A Kid Friendly Search engine which will display results for enhancement of kids' knowledge. The search engine eliminates all kinds of harmful content inappropriate for kids. We are using Neural Network and will rank the results using TF IDF,by tweaking it with our own formula.
The project consists of the following main steps:
- General instructions to run the project
- Scraping data from the web
- Assigning labels to the training data using pattern.en
- Filtering objectionable content
- Identifying topics
- Running ElasticSearch
Clone the repository into your local machine by typing the command
git clone repository_url
To run the project, you need to have a running version of Python 3.6(not 3.7) and pip.
To install the dependencies execute,
pip install requirements.txt
This command will install all the required dependencies.
Scraping the data requires installed version of Selenium and BeautifulSoup. The libraries are present in the requirements.txt file.
For Data Scraping -
- Run Medium_Scrapper_using_selenium.py
- Run WebScraper.py
- Run Medium_Search_URL_Scrapper.py
- Run WebScraper.py
- Combine the datasets and name them - final_data.csv
Or you can download the data from this link: https://drive.google.com/file/d/1BrAguUjU6yU4In8iWx4-i37MBcK_gmqi/view
- Create a new Virtual Environment using the command
virtualenv -p python3 venv
- A new folder called venv gets created.
- To source into the Virtual Environment, type the command
source venv/bin/activate
- A (venv) will get prepended to the command line.

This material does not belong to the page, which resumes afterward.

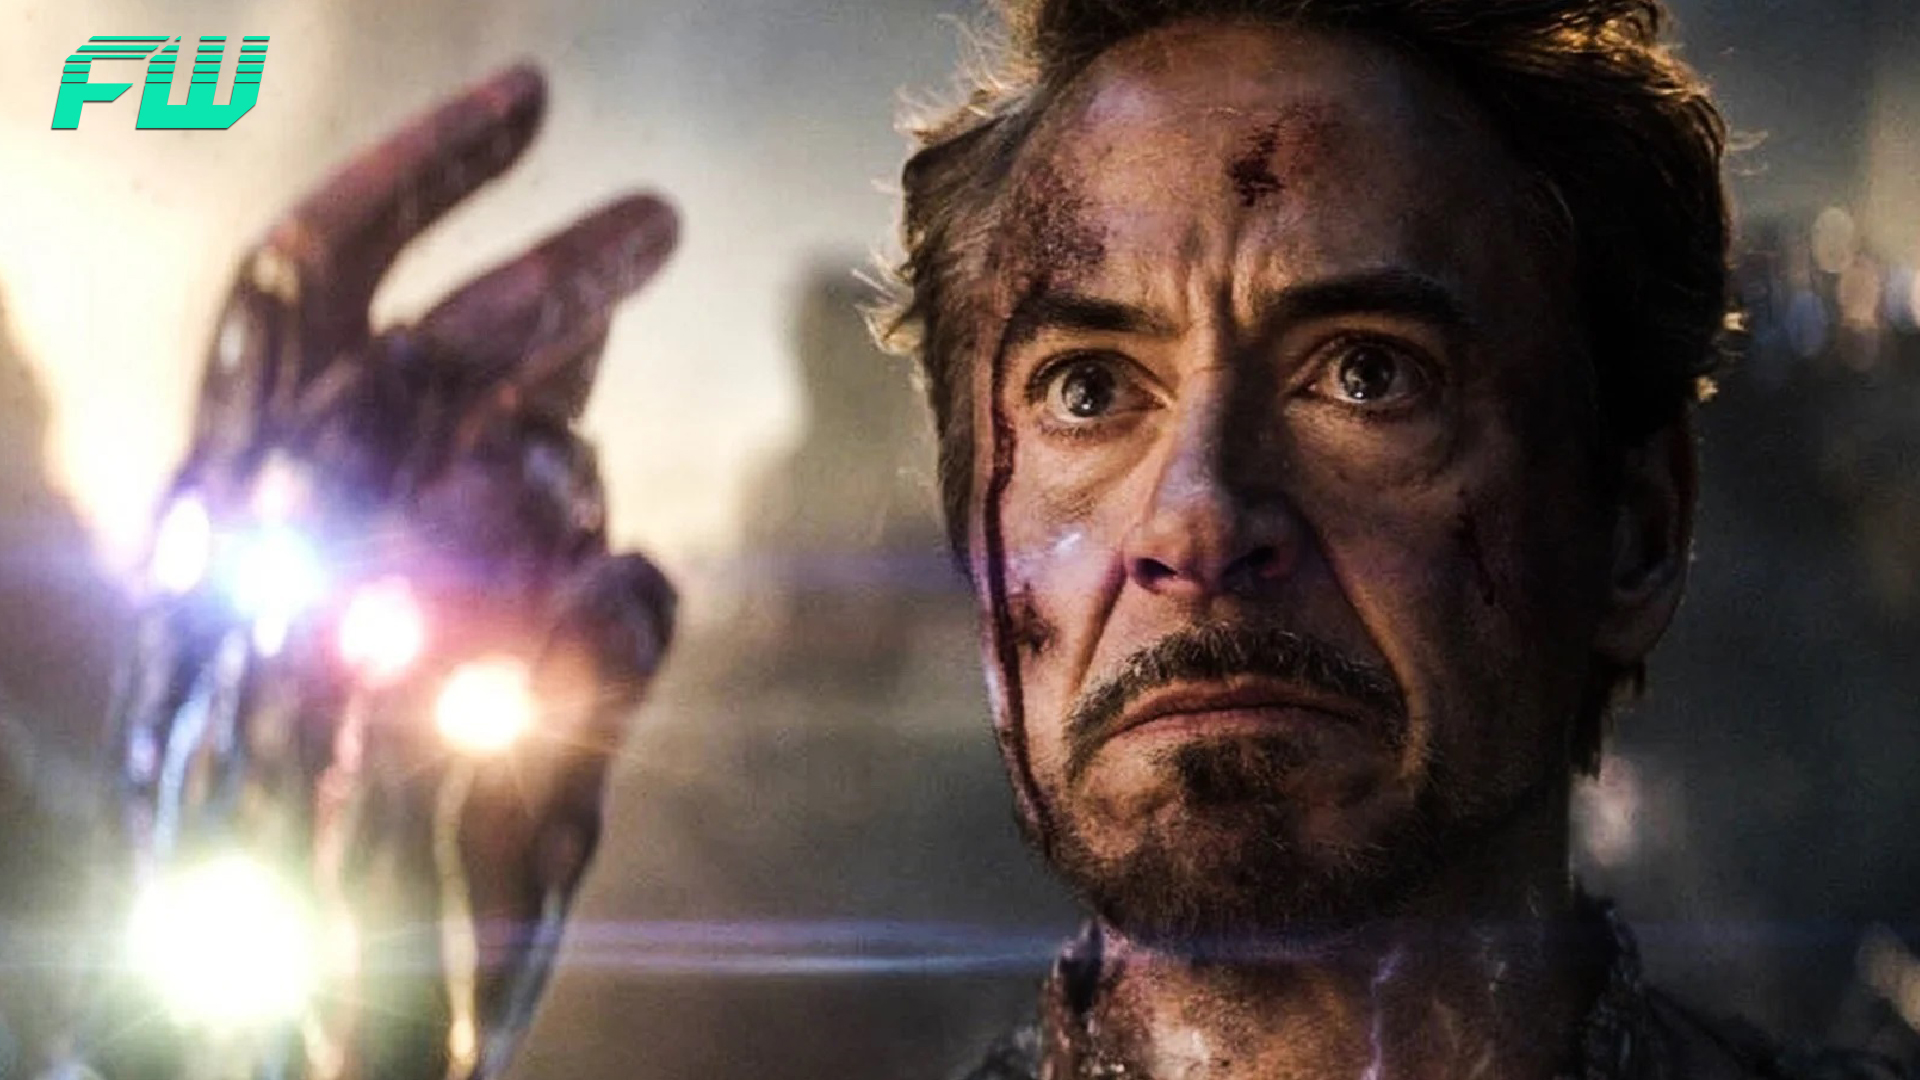 Avengers Endgame Directors Share I Am Iron Man Theater Reaction Video

- Navigate to the Project folder in the path - /A-Search-Engine-for-Kids/helper_scripts/class_labelling_using_pattern.en
- Run the command
python data_content_labelling.py
- This script was created initially to classify data as Positive, Strongly Positive, Negative, Strongly Negative. The input CSV file taken here is a basic data set with limited records of 1280 rows.
- The output of this script is the same input data set with another column for sentiment score appended.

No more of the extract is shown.